ASSIGNMENT:
Write out, from the entries below, exactly the lines that run between the lines holding "Paxton Wood Sling" and "Jolu Boutique Bluebell Soy Wax Candle", inclusive, and stop there.

============

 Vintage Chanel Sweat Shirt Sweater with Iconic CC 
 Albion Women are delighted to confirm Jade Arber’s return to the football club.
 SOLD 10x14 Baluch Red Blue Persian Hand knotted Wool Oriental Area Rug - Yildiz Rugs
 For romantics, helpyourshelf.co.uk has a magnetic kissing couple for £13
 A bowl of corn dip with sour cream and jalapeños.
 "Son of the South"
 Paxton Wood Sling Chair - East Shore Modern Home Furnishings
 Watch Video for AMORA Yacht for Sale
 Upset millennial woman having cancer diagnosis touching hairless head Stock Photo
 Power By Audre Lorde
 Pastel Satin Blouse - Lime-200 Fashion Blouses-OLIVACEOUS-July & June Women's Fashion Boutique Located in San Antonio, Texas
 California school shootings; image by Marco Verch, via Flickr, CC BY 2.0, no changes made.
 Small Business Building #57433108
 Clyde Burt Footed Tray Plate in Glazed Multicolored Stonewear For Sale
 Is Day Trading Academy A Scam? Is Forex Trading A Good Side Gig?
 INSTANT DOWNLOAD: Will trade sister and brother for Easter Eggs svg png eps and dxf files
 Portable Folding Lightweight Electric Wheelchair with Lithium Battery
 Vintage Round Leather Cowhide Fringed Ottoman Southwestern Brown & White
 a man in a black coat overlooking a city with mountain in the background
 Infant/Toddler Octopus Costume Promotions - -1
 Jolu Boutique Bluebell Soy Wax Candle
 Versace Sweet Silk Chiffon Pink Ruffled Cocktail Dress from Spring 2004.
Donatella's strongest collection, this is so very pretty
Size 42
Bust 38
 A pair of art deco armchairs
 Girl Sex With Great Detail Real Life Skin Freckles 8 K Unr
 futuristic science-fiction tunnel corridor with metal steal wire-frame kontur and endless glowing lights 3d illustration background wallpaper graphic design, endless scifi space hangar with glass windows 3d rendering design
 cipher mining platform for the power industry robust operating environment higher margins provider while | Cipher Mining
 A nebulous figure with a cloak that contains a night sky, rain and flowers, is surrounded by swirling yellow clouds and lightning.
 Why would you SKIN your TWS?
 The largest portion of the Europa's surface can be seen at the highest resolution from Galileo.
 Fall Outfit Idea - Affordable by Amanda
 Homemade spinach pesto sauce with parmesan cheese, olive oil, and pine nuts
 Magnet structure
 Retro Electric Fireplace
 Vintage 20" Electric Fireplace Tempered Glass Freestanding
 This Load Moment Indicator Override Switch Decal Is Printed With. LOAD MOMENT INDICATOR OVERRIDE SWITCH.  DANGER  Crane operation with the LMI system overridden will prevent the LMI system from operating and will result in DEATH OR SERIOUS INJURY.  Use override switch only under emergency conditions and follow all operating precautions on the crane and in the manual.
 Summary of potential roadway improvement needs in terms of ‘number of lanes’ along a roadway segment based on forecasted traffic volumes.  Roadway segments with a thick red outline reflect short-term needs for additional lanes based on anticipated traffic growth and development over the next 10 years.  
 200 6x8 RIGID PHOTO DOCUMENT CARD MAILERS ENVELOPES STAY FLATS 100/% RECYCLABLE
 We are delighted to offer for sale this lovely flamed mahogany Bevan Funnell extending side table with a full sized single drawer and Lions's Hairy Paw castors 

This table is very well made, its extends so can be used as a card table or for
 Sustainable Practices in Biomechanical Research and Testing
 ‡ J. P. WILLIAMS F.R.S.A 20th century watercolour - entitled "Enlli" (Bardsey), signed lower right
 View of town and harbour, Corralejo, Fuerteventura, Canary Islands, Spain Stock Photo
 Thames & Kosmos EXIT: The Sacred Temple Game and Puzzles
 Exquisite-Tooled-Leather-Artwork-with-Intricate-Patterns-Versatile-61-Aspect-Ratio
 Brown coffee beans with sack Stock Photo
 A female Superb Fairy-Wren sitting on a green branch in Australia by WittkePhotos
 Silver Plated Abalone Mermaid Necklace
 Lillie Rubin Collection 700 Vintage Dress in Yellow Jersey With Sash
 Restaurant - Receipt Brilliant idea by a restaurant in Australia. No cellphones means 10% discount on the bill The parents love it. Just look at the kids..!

============

WRITTEN RESPONSE:
 Paxton Wood Sling Chair - East Shore Modern Home Furnishings
 Watch Video for AMORA Yacht for Sale
 Upset millennial woman having cancer diagnosis touching hairless head Stock Photo
 Power By Audre Lorde
 Pastel Satin Blouse - Lime-200 Fashion Blouses-OLIVACEOUS-July & June Women's Fashion Boutique Located in San Antonio, Texas
 California school shootings; image by Marco Verch, via Flickr, CC BY 2.0, no changes made.
 Small Business Building #57433108
 Clyde Burt Footed Tray Plate in Glazed Multicolored Stonewear For Sale
 Is Day Trading Academy A Scam? Is Forex Trading A Good Side Gig?
 INSTANT DOWNLOAD: Will trade sister and brother for Easter Eggs svg png eps and dxf files
 Portable Folding Lightweight Electric Wheelchair with Lithium Battery
 Vintage Round Leather Cowhide Fringed Ottoman Southwestern Brown & White
 a man in a black coat overlooking a city with mountain in the background
 Infant/Toddler Octopus Costume Promotions - -1
 Jolu Boutique Bluebell Soy Wax Candle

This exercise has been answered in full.